No matter who turns out to be right about that argument, the fact remains that tax reform has been talked about and talked about for decades and only now has anything been done. And Hatch, as chairman of the Senate Finance Committee, has his fingerprints all over it.
But the editorial’s most scathing and pinpointed criticism of Hatch was saved for calling him an outright liar.
The last time the senator was up for re-election, in 2012, he promised that it would be his last campaign. That was enough for many likely successors, of both parties, to stand down, to let the elder statesman have his victory tour and to prepare to run for an open seat in 2018.
Clearly, it was a lie.
Maybe Hatch was trying to be tongue-in-cheek, to be fair. He did mention how he voted for his opponents in the last election. But it seems odd to draw so much attention to such a public smackdown as the paper’s editorial board gave him. If he did intend to share the article, and he did in fact understand that he was given an absolute thrashing, then it would seem Mr. Hatch has a Trumpian-sized ego. Maybe his hubris is well-placed. Maybe the people of Utah, Utahns if we really have to call them that, will elect him despite his lie about retiring. And if they do, then he’s obviously not wrong for being so sure of himself.
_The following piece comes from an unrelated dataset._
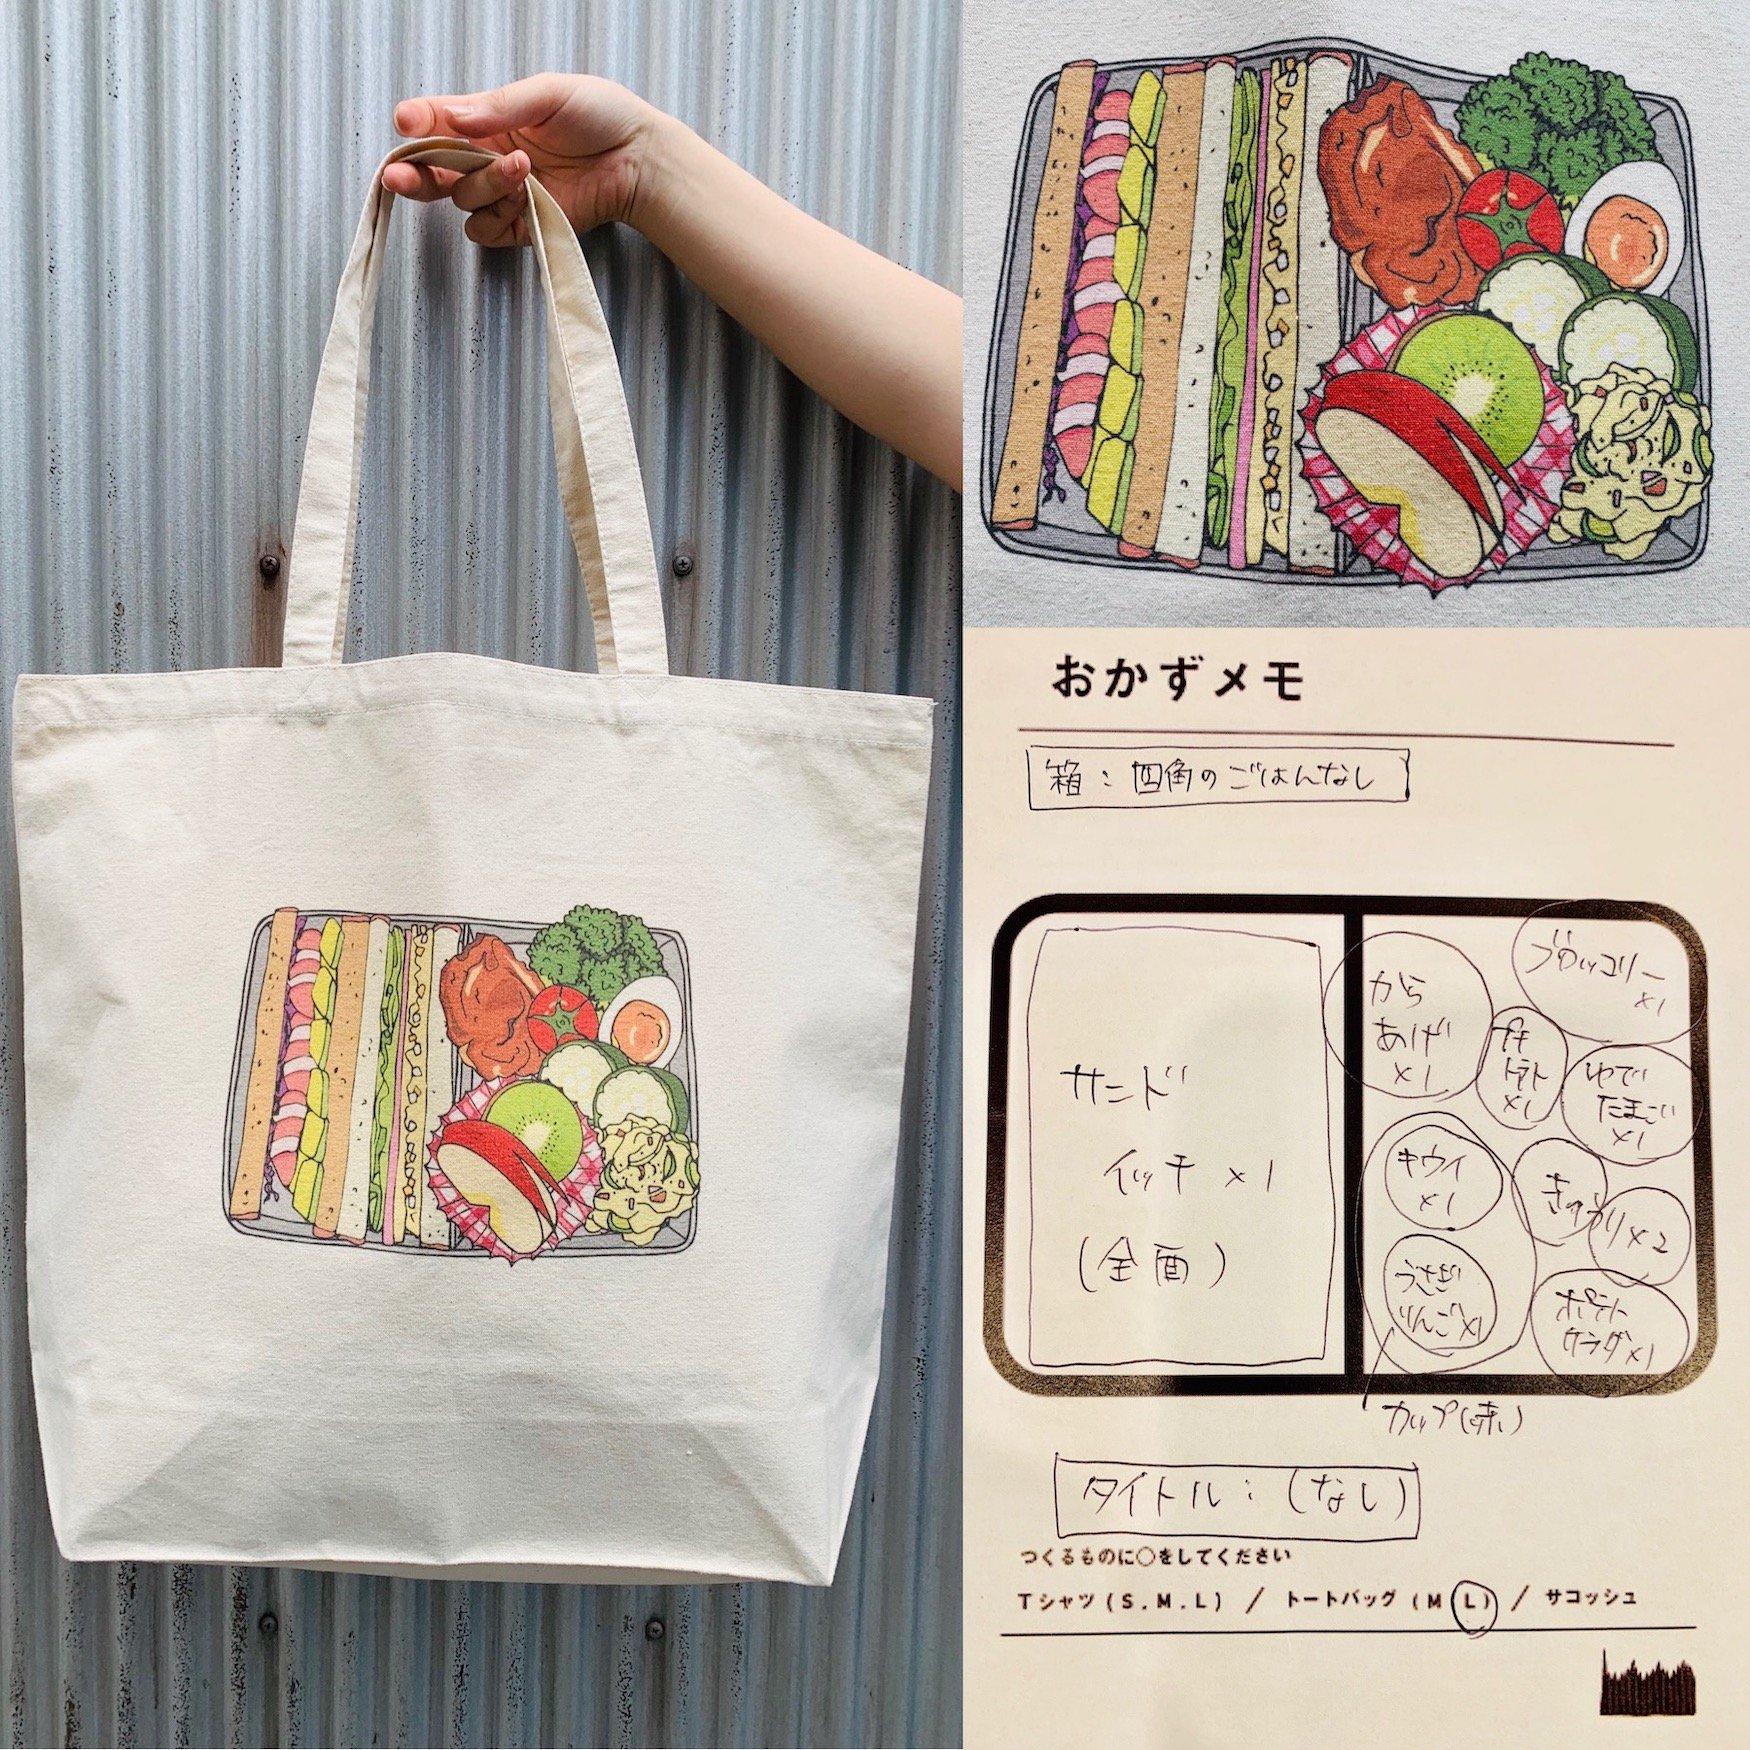 「好きなお弁当のおかず」を詰め込んだトートバッグが可愛すぎる!!!

If you ask me, sharing this editorial with the world, whether in earnest or in jest, shows just how moronic Hatch is. The editorial slices and dices him into neat little bits, and calls him some pretty harsh things. It’s weird to me that someone would intentionally share an intellectually astute, factual takedown of themselves that includes adjectives like “unquenchable” followed by “thirst for power.”